*Work request:* In the records below, pick out all lines containing the word "oraz".

(Data items)
.....
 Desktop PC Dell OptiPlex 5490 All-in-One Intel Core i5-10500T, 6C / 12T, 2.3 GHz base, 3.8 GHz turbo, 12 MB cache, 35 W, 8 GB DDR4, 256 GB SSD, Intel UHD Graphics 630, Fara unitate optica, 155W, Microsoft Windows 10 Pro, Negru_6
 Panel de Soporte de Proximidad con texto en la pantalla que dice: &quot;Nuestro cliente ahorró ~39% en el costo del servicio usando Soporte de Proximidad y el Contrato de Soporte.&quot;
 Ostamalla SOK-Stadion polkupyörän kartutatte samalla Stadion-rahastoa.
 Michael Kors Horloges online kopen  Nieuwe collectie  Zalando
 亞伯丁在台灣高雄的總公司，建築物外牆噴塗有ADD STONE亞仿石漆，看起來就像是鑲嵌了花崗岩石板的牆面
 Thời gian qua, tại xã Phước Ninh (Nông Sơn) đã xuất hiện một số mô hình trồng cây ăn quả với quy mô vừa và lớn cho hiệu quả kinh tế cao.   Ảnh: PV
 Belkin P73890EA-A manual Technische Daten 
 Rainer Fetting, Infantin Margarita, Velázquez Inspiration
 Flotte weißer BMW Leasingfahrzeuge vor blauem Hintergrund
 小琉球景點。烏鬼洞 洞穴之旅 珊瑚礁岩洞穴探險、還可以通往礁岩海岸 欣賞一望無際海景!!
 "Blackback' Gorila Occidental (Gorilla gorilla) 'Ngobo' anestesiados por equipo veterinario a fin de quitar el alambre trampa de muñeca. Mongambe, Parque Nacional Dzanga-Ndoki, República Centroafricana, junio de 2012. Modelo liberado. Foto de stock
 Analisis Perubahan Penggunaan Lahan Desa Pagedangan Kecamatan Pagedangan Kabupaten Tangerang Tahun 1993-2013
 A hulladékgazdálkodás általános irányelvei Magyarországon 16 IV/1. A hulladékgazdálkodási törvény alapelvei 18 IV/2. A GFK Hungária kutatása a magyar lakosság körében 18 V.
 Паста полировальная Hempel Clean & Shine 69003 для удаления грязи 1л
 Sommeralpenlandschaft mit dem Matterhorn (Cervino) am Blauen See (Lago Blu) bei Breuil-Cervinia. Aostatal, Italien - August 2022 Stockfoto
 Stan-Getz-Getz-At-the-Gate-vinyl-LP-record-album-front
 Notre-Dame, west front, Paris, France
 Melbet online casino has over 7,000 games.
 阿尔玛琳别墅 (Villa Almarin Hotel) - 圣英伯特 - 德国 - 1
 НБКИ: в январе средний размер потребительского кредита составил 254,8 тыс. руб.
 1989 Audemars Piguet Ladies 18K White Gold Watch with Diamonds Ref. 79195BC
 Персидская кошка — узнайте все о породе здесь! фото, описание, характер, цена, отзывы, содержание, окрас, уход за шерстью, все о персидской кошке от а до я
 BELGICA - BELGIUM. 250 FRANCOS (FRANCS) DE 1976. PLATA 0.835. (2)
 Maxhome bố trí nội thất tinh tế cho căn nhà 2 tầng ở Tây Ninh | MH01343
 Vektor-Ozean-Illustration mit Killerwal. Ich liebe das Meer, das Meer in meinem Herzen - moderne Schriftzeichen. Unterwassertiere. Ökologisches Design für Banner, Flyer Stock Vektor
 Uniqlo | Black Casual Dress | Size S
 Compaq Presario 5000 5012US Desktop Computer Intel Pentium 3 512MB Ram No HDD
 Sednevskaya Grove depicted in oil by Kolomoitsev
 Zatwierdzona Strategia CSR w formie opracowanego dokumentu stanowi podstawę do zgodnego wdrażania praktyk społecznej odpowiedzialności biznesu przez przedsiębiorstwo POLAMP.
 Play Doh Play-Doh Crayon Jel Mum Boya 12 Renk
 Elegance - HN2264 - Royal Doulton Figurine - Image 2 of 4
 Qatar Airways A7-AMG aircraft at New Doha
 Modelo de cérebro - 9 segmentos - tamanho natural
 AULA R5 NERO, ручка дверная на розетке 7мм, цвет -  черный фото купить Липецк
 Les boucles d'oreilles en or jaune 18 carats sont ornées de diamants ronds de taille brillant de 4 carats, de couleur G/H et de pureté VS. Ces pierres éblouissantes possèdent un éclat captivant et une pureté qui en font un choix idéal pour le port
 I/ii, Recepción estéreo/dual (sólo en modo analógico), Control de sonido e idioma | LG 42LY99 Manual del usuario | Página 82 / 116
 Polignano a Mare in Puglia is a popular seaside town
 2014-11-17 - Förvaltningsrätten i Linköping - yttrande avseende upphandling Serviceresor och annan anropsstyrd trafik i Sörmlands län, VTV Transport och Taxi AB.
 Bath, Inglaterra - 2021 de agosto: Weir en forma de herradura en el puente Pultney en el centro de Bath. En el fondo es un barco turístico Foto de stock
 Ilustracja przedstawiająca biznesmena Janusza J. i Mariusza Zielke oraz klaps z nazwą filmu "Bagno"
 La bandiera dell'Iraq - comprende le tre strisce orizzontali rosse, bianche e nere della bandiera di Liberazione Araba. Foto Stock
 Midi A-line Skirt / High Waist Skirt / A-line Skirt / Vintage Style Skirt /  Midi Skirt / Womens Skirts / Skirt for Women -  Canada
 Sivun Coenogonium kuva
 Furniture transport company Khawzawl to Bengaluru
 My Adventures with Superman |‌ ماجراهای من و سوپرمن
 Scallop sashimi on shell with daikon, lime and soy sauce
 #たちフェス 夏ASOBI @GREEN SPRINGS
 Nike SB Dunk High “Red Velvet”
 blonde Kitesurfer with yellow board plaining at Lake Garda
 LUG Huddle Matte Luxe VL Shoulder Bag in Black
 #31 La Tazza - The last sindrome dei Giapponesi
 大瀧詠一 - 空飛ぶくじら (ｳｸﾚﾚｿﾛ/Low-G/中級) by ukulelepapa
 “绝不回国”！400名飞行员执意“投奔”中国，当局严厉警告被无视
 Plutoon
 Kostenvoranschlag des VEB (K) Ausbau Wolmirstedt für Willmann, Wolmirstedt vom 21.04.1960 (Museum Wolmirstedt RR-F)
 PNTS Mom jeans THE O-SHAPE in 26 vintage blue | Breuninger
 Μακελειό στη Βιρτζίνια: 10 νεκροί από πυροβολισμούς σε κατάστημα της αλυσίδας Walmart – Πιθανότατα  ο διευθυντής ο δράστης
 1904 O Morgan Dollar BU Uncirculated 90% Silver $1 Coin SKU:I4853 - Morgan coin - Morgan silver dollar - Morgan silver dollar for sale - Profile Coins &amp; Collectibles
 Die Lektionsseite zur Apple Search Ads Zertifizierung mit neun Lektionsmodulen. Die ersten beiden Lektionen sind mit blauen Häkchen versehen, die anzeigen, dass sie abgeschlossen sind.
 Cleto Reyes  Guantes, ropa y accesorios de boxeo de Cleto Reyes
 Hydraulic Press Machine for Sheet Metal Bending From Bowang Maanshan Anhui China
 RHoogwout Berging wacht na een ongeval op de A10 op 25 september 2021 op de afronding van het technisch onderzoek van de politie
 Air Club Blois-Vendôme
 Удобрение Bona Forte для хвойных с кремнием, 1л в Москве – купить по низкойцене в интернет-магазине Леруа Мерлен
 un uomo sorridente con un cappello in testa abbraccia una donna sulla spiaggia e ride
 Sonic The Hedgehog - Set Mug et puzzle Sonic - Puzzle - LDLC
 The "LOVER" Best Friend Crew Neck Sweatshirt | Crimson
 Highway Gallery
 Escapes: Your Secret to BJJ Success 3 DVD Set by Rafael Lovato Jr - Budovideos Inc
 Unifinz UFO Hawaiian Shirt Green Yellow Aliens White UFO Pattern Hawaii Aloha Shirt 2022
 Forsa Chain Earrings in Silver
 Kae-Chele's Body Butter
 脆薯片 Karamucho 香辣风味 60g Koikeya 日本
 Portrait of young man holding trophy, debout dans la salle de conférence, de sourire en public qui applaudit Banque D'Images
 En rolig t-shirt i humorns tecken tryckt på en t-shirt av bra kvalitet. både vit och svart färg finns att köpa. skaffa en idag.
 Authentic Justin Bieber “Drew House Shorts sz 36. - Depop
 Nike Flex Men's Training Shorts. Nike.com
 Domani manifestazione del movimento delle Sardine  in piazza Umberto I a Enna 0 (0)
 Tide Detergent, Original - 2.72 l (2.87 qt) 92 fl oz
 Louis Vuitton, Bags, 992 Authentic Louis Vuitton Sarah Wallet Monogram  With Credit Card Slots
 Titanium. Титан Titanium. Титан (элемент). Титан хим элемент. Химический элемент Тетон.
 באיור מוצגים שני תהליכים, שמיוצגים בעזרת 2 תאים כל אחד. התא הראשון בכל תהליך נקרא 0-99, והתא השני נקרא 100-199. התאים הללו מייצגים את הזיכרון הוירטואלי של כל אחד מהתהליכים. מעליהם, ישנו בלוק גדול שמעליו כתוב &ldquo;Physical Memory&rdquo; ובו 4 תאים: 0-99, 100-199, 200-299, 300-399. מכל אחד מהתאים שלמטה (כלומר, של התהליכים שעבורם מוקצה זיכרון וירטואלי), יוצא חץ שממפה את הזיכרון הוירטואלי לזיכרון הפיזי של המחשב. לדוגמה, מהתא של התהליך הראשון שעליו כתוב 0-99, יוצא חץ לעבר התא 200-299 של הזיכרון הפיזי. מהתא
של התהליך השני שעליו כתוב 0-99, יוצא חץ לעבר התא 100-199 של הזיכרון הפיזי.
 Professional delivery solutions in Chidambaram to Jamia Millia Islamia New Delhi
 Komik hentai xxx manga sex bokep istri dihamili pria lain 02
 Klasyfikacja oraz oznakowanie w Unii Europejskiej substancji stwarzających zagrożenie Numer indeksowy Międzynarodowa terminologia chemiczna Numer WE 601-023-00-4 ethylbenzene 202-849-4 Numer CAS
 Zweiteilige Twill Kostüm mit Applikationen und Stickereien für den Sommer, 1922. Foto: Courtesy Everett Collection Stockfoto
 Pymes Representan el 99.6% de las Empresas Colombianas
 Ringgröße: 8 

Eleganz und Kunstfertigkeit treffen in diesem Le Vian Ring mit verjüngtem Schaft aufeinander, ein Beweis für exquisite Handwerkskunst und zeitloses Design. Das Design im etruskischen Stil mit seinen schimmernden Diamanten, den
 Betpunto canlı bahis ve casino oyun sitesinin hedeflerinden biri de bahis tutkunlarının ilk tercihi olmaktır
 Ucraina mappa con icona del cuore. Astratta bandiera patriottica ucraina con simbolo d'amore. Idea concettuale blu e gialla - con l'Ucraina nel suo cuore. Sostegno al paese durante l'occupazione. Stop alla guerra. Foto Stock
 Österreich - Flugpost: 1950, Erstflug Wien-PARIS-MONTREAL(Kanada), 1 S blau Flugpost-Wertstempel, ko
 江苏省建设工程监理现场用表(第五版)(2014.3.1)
.....
*Problem solution:*
 Ilustracja przedstawiająca biznesmena Janusza J. i Mariusza Zielke oraz klaps z nazwą filmu "Bagno"
 Klasyfikacja oraz oznakowanie w Unii Europejskiej substancji stwarzających zagrożenie Numer indeksowy Międzynarodowa terminologia chemiczna Numer WE 601-023-00-4 ethylbenzene 202-849-4 Numer CAS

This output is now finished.